Search the data for the string "high" and extract every line where it appears.

------------------------------------------------

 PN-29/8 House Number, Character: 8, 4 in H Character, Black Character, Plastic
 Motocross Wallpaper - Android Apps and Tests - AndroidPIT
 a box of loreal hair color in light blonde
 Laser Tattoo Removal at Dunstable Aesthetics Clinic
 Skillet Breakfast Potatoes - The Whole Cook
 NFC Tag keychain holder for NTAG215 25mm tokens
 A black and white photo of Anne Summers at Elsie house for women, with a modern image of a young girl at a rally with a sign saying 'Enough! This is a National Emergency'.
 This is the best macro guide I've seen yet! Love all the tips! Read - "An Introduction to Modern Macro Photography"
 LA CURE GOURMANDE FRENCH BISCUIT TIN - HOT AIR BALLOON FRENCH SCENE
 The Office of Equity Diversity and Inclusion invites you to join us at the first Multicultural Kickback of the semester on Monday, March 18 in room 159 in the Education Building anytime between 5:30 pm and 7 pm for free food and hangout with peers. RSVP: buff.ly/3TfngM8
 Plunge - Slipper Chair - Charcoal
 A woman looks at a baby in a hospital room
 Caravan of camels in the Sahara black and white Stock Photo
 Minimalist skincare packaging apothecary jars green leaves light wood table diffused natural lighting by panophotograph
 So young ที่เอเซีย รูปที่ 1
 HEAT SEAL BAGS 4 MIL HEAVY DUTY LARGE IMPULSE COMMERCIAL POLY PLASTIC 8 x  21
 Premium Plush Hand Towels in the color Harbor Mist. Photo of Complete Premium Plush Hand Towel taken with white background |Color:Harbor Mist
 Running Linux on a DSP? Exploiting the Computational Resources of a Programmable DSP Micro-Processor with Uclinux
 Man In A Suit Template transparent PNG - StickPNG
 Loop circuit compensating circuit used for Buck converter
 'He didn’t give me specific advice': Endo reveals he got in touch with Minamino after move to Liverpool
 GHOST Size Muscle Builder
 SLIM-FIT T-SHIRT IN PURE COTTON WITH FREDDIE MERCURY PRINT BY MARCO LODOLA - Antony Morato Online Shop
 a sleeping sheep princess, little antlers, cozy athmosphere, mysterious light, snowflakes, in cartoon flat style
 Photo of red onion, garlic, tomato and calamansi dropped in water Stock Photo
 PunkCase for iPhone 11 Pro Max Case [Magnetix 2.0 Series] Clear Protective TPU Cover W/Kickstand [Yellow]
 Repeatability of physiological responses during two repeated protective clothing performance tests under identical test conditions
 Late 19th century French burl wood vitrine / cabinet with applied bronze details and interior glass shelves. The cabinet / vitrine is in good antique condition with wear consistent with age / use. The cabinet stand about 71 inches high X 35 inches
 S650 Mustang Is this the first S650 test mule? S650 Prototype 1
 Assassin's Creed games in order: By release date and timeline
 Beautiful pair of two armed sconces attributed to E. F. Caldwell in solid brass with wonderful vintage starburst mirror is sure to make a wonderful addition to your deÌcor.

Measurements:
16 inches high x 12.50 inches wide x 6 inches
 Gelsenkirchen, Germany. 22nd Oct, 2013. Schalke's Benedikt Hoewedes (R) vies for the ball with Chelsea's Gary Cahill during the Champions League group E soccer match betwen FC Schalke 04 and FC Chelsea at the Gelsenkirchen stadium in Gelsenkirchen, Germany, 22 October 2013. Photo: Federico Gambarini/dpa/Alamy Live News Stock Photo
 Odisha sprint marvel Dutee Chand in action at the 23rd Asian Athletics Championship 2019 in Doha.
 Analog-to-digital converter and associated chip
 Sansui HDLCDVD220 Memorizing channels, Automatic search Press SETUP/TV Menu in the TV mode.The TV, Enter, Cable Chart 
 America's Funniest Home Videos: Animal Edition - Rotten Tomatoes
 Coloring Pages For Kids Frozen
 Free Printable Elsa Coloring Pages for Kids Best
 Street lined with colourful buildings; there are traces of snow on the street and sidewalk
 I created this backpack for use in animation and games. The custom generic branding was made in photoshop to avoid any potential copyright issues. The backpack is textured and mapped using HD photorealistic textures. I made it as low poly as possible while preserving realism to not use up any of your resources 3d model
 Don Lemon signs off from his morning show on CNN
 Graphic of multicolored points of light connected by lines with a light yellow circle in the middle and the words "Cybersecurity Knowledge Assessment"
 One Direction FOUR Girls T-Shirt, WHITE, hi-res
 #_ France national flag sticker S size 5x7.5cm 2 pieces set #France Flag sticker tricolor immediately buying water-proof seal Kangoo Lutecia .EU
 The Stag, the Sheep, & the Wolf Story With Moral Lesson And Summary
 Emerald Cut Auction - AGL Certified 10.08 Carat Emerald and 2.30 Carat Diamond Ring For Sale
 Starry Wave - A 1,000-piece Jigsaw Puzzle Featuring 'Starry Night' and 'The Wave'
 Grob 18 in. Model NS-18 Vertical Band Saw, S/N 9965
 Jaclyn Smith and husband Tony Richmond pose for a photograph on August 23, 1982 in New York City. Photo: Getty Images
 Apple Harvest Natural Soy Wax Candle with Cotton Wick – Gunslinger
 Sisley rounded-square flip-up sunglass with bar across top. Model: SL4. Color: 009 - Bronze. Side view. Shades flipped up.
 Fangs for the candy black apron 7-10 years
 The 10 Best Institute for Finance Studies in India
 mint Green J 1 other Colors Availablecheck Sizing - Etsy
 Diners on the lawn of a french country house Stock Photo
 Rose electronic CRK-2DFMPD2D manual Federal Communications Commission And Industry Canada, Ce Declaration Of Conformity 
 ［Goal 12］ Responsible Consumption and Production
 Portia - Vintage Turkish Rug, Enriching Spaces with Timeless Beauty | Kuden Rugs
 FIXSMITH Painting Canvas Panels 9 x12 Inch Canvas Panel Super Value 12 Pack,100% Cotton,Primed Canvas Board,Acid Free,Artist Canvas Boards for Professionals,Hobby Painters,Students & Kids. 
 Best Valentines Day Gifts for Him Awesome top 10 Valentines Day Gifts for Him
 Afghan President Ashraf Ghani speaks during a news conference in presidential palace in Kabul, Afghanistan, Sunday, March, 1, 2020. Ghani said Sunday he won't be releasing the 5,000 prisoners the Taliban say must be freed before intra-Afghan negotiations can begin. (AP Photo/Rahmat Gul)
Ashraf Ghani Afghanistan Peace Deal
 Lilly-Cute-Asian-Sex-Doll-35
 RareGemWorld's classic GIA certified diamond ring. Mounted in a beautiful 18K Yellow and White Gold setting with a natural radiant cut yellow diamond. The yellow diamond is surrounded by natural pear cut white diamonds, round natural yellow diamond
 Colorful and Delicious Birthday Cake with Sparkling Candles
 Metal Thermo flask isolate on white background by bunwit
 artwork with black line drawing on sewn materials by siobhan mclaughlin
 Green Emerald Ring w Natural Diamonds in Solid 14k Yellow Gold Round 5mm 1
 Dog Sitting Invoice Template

------------------------------------------------

** Solved problem **
 Late 19th century French burl wood vitrine / cabinet with applied bronze details and interior glass shelves. The cabinet / vitrine is in good antique condition with wear consistent with age / use. The cabinet stand about 71 inches high X 35 inches
16 inches high x 12.50 inches wide x 6 inches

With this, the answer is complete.